# MINI USA Acheives Milestone With 150,000th Mini Retailed



## tim330i (Dec 18, 2001)

*MINI USA ACHEIVES SALES MILESTONE WITH 150,000TH MINI RETAILED* 
05/31/2006

*Lucky Owner Takes Delivery at Sandia MINI in Albuquerque, NM*
Woodcliff Lake, NJ - May 31, 2006... MINI USA this month has delivered the 150,000th MINI sold in the US to a customer in New Mexico. This sales milestone has been achieved three-and-a-half years ahead of schedule. The lucky customer, Ramon Aragon, picked up his Pepper White MINI Cooper that he purchased through Sandia MINI in Albuquerque, NM.

Like most MINI customers, the 21 year-old Ramon special-ordered his MINI Cooper from the factory, customizing his car with options that include a black roof and bonnet stripes, a Premium Package and the sporty "Checkmate Package" that offers special interior trim and exterior checkerboard graphics.

In fact, more than 60% of MINI owners uniquely configure the MINI they want and custom-order it from the factory. In addition, MINI owners add an average of $5,000 worth of factory and dealer installed options to customize their cars.

"We are delighted that we have achieved this sales milestone much earlier than expected." said Jim McDowell, Vice President, MINI USA. "MINI was planned to be a profitable business based on selling 20,000 cars a year. Last year alone we have sold 40,820 MINIs in the US. It is truly a testament to the product and the brand that MINI remains highly desirable four years on from launch."

Sandia MINI, where the 150,00th MINI was retailed, opened its doors in Albuquerque, NM at the end of 2004 with a new state-of-the-art-facility. The 10,000-square-foot location is ideally positioned in the Southwest to serve the needs of MINI customers who may not be conveniently located near MINI's Phoenix AZ, Denver CO or Oklahoma City OK dealer points.

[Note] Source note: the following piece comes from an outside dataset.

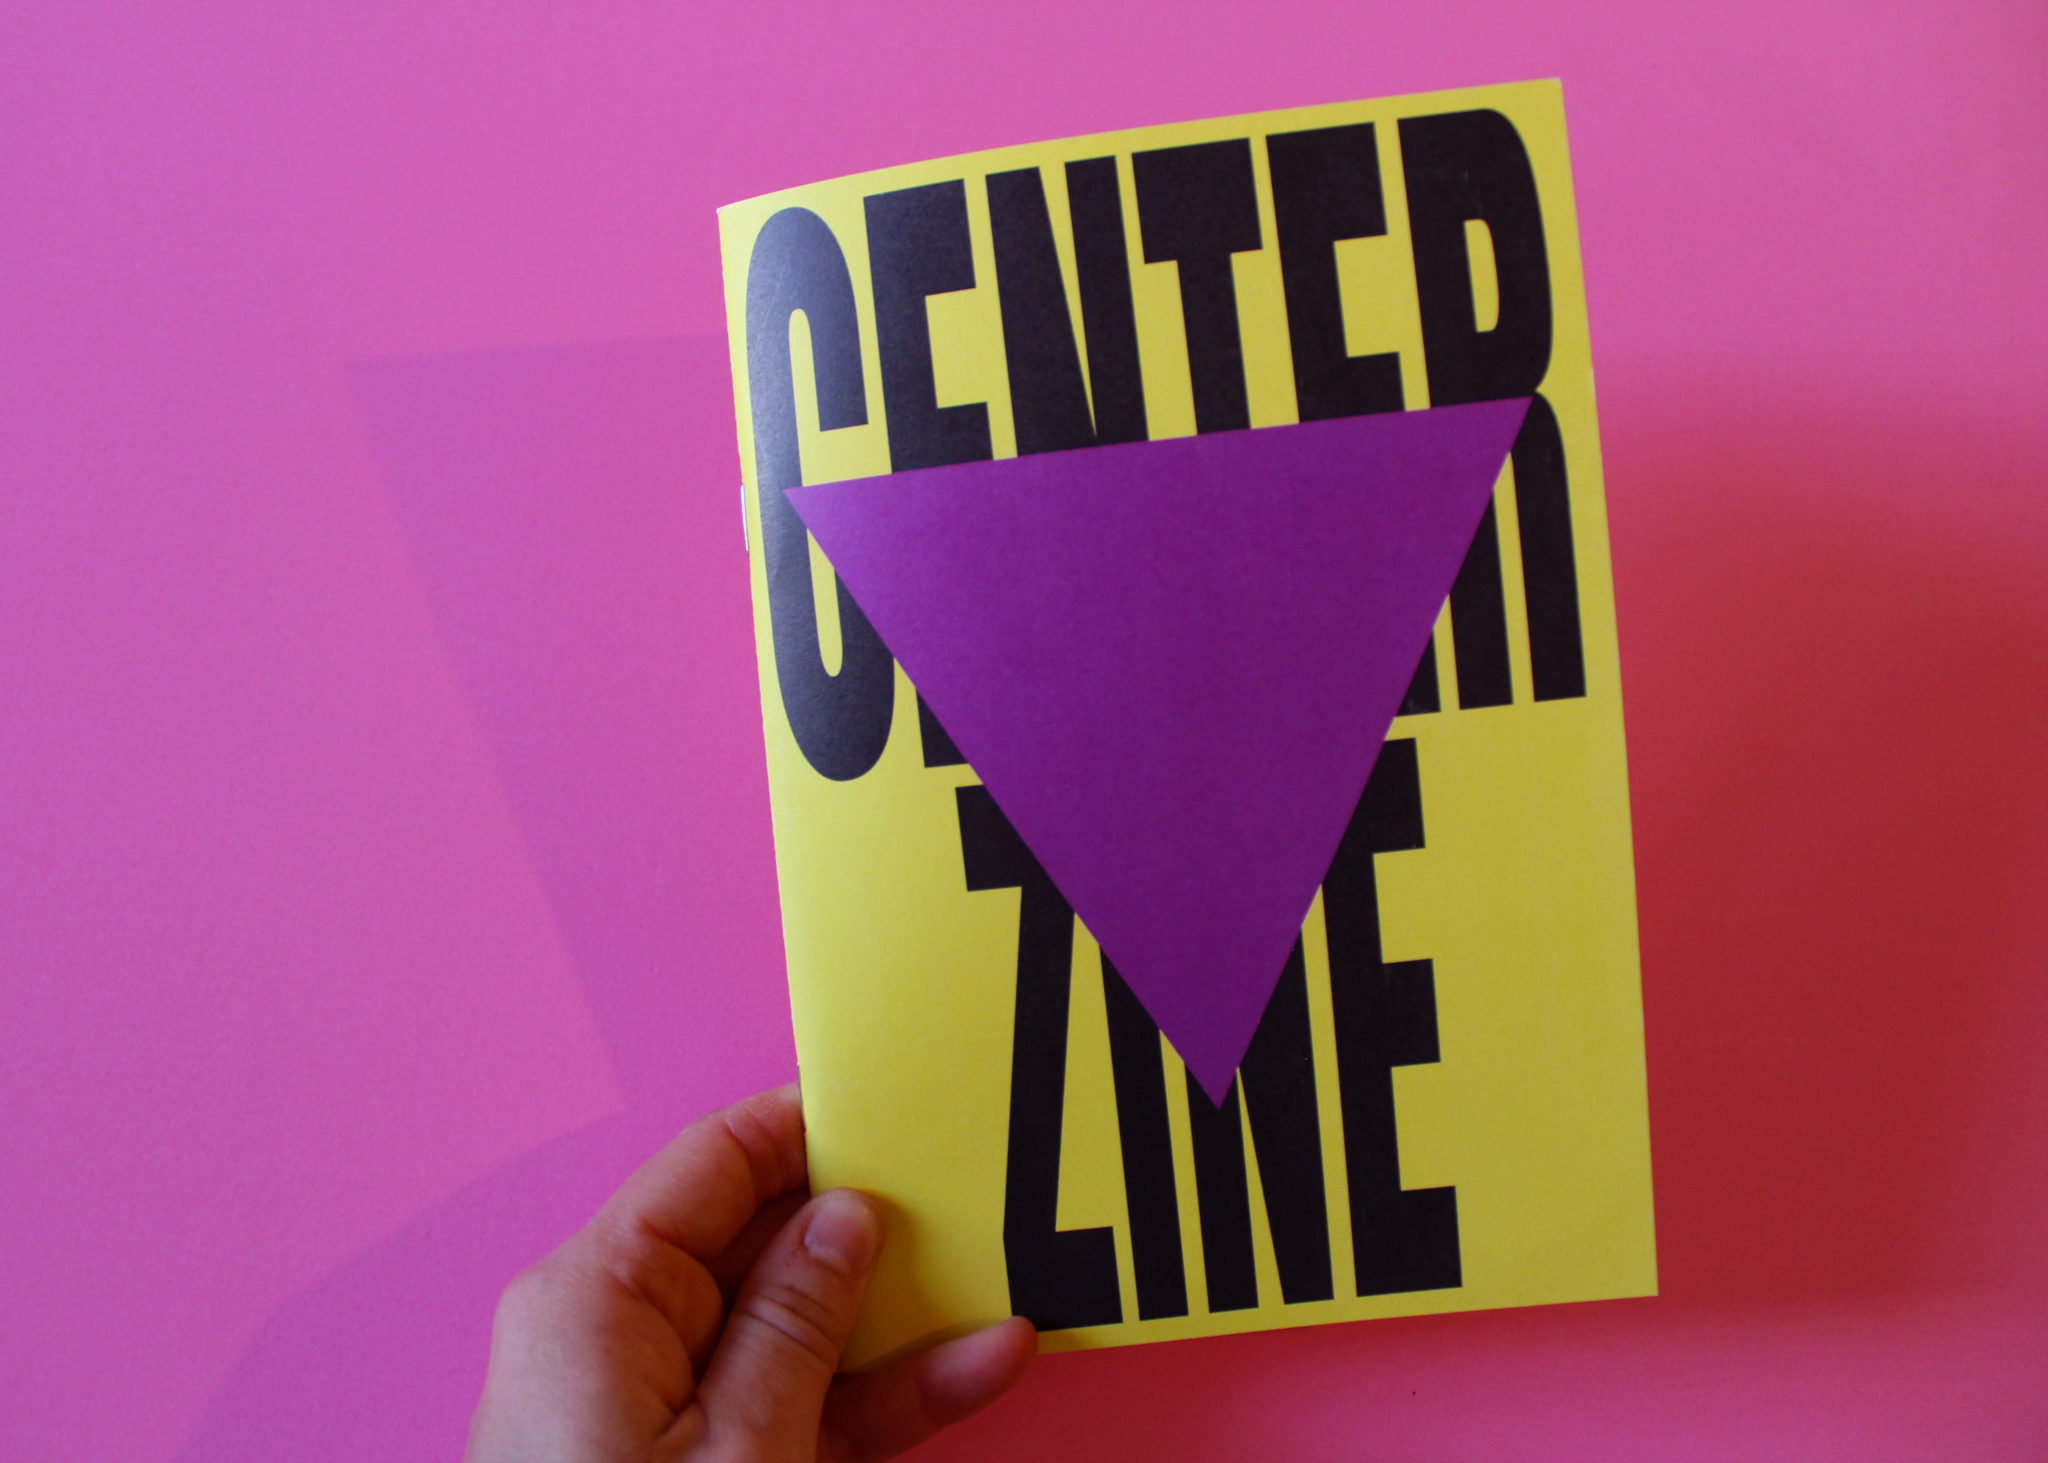 A white person's hand holds Centre zine. It has a bright yellow cover with bold black letters overlaid with a purple triangle. The text says 'Centre Zine'.

"My staff and I are thrilled that Sandia MINI has had the opportunity to sell and deliver the 150,000th MINI Cooper in the United States." said Mike Houx, owner of Sandia MINI. "The timely and "happenchance" delivery here in Albuquerque helps to underscore the strong sales momentum we have seen for MINI in the New Mexico market since we opened our store in December, 2004.


----------